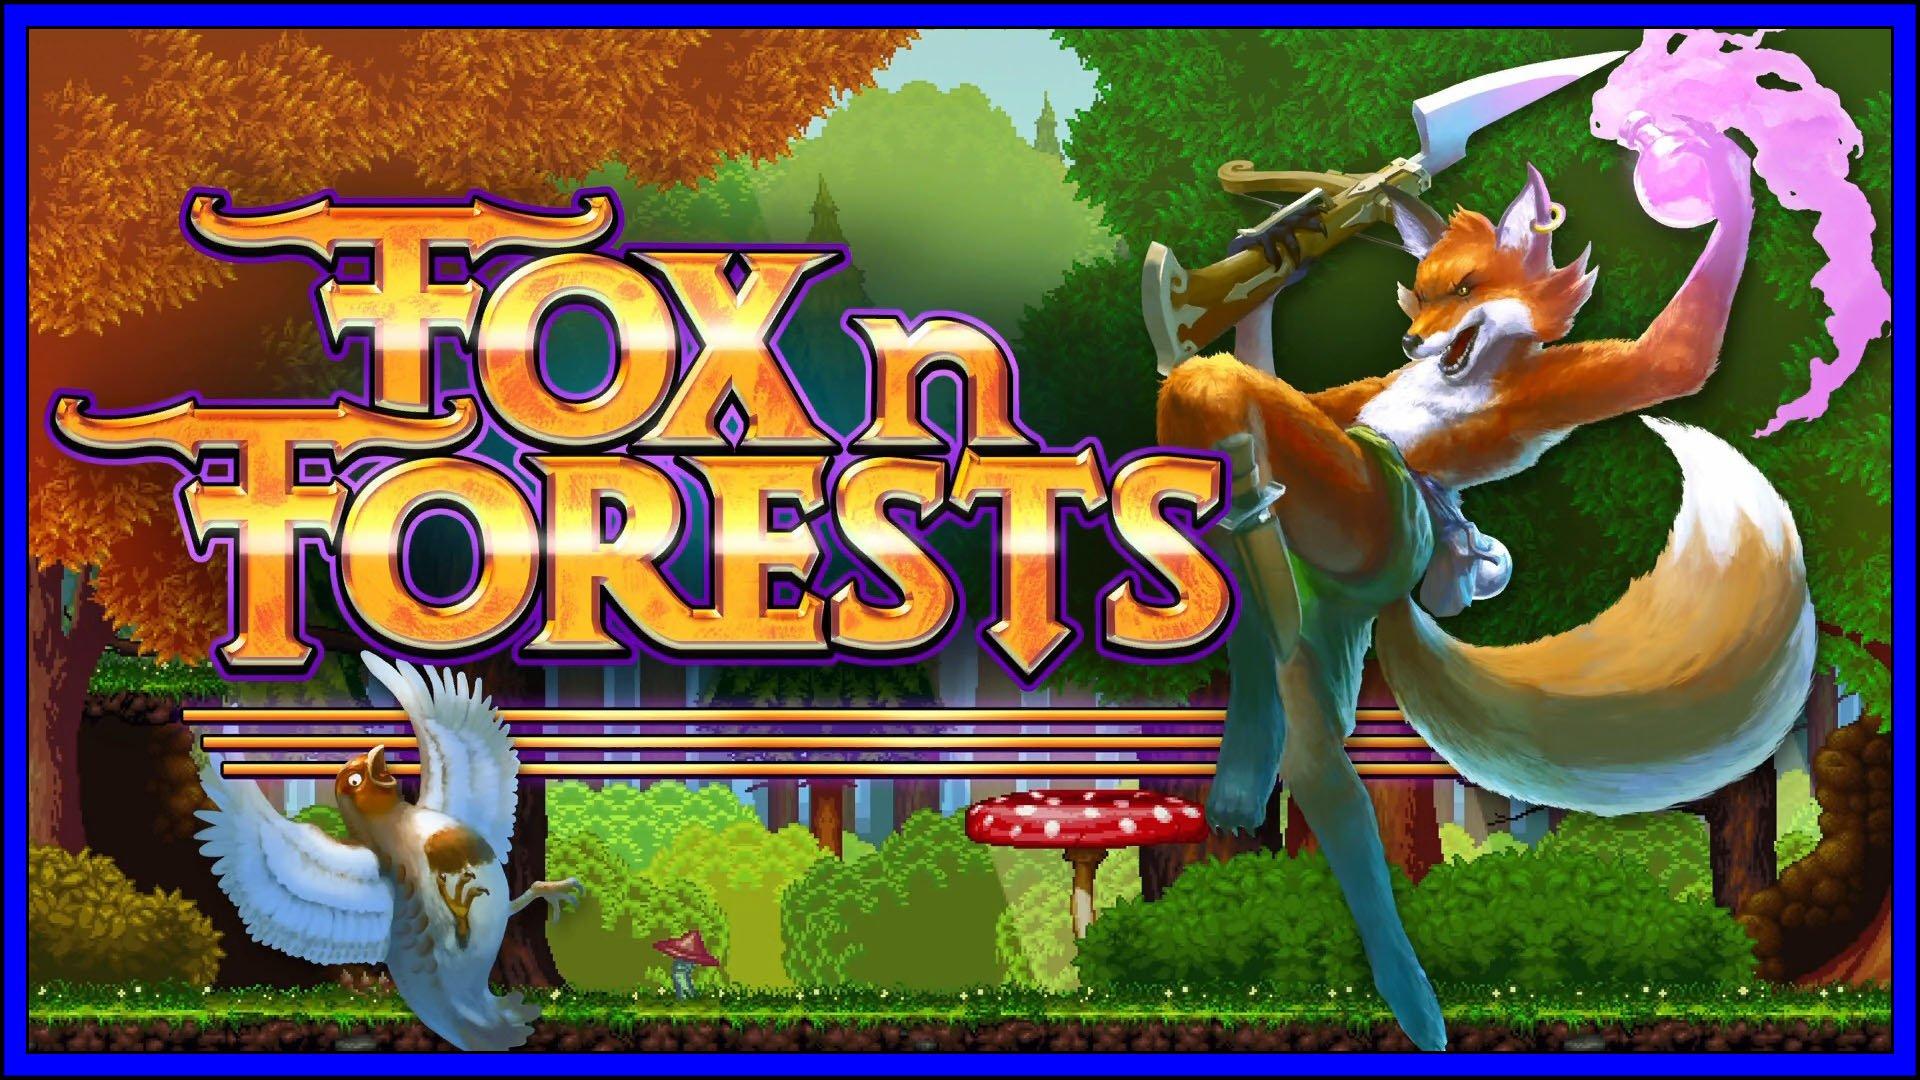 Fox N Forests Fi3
--
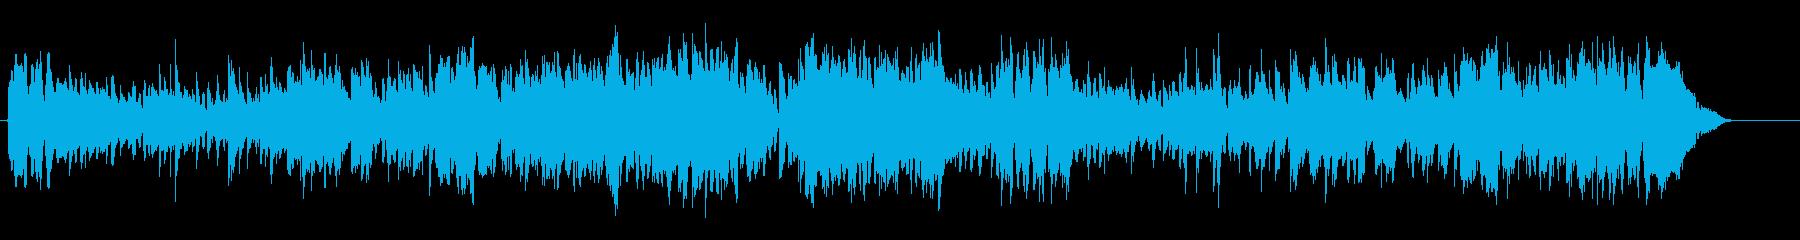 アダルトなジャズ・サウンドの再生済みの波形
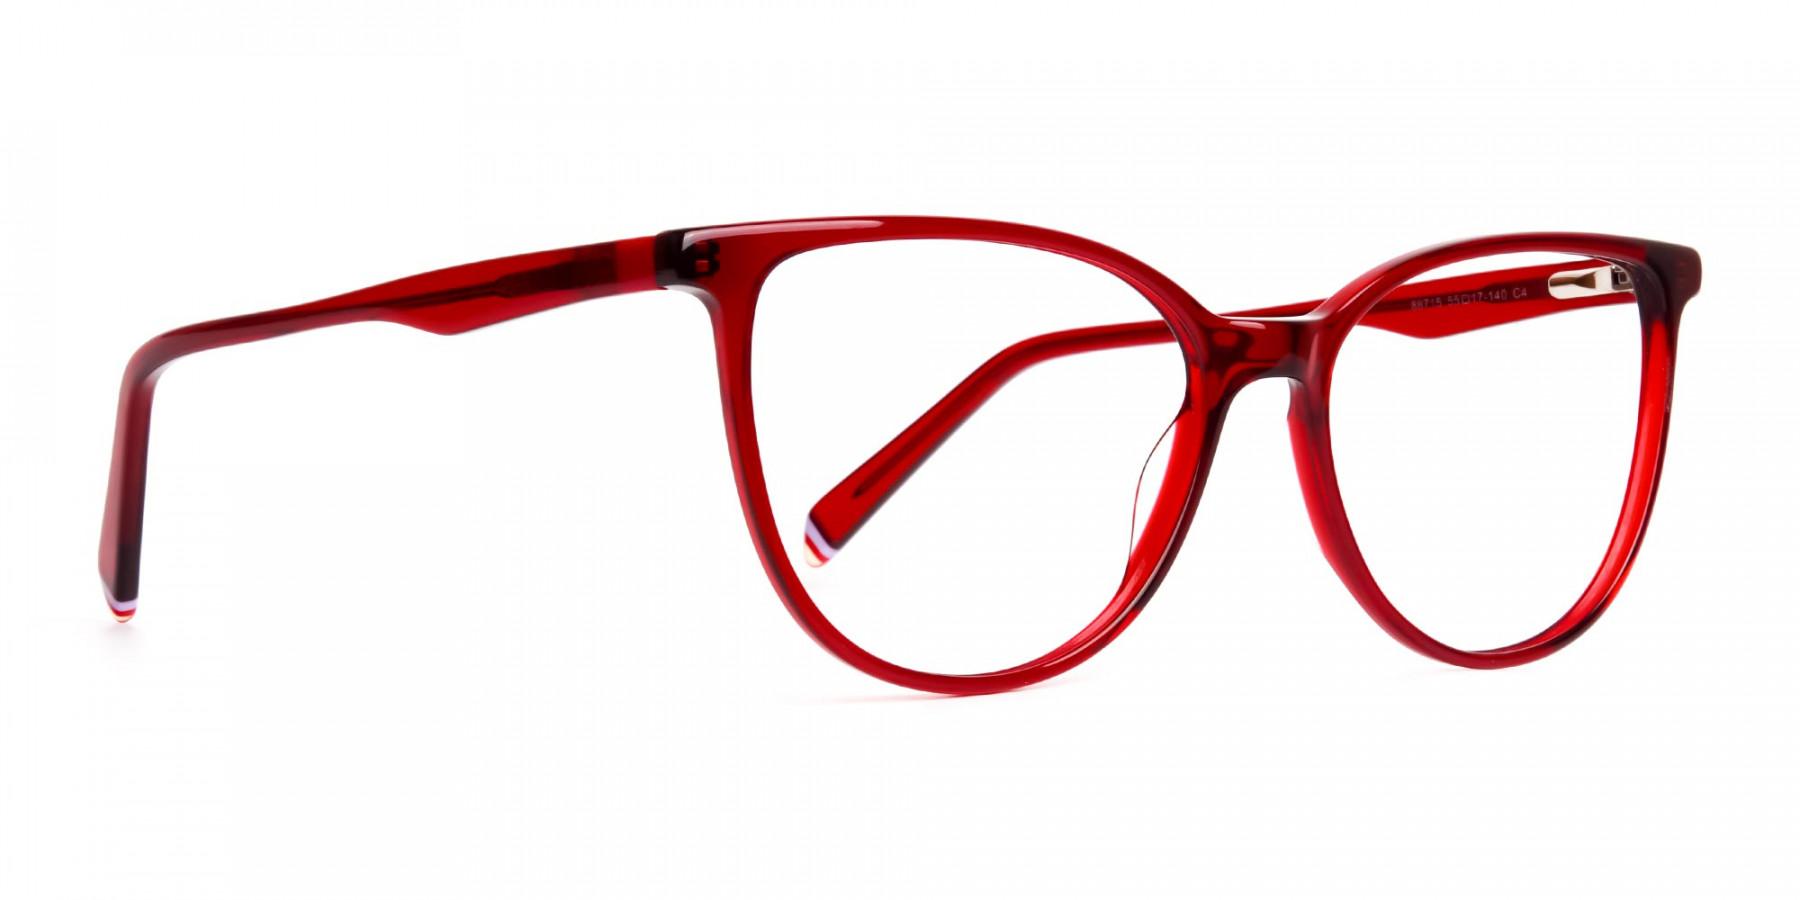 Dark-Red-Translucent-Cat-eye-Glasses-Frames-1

§ Work to be completed:
From the records above, quote word for word only the lines beginning at the line that has "アダルトなジャズ・サウンドの再生済みの波形" and stopping after the line that has "Dark-Red-Translucent-Cat-eye-Glasses-Frames-1". Omit the pictures.

§ Answer section:
 アダルトなジャズ・サウンドの再生済みの波形
 Dark-Red-Translucent-Cat-eye-Glasses-Frames-1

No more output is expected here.